Print the listing below only from the line that has "Photo taken in" through the line that has "Engagement photo at dusk on Boston Esplanade", exactly, and drop any picture.

# Information

· · · ·

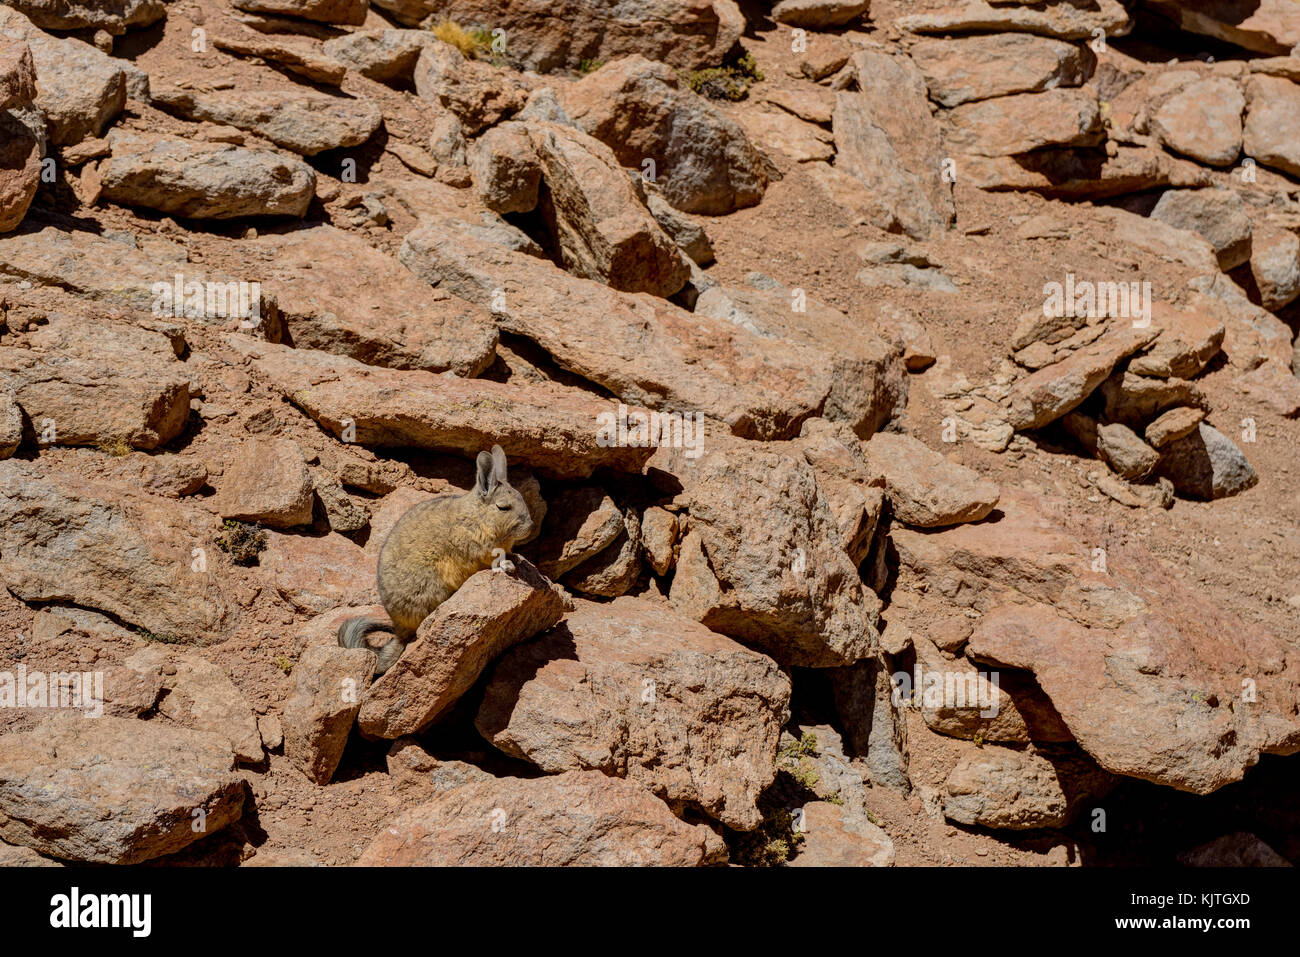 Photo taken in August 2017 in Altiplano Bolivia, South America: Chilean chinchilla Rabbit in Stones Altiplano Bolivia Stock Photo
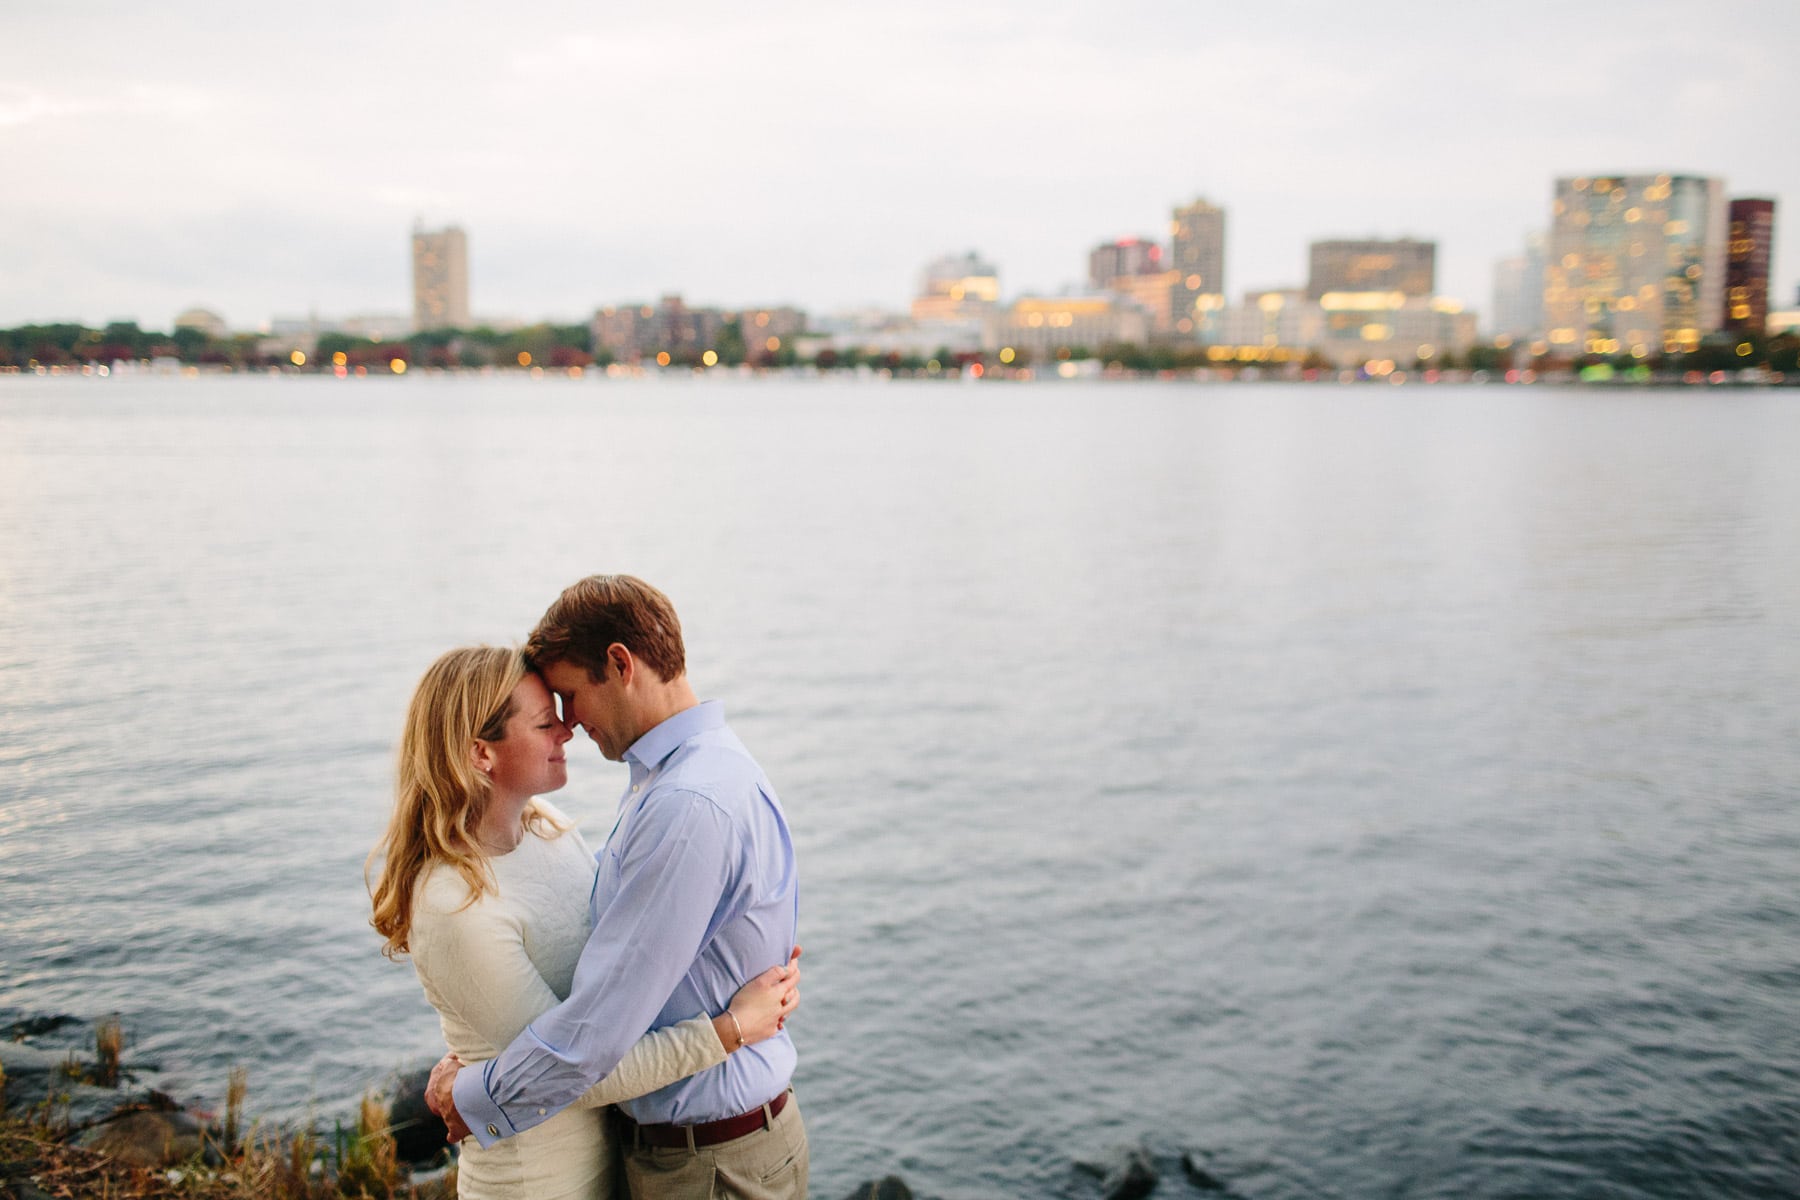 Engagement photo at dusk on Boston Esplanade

· · · ·

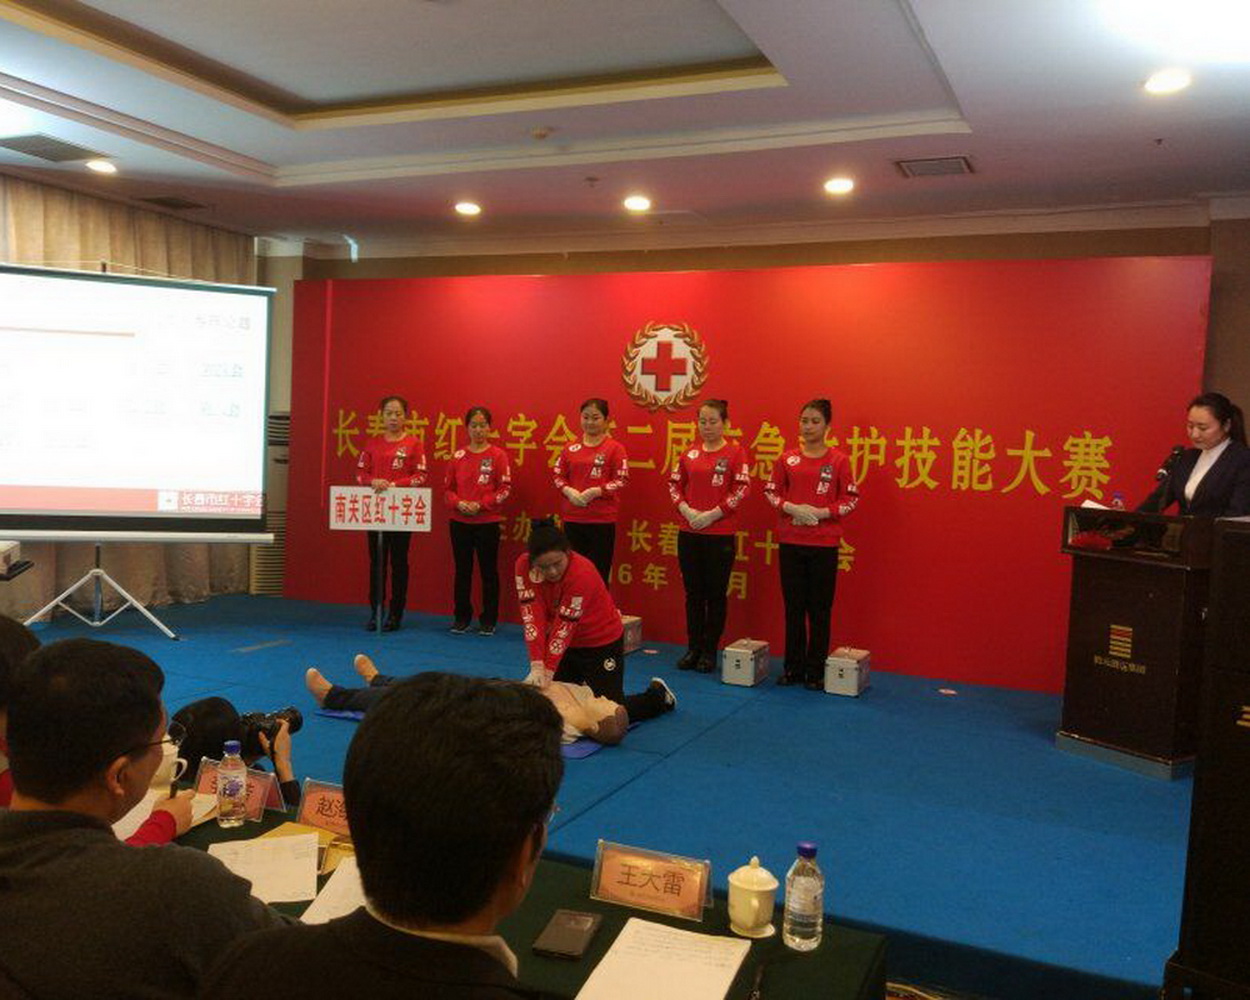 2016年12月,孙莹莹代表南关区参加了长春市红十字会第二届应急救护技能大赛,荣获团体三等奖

· · · ·

# Response
 Photo taken in August 2017 in Altiplano Bolivia, South America: Chilean chinchilla Rabbit in Stones Altiplano Bolivia Stock Photo
 Engagement photo at dusk on Boston Esplanade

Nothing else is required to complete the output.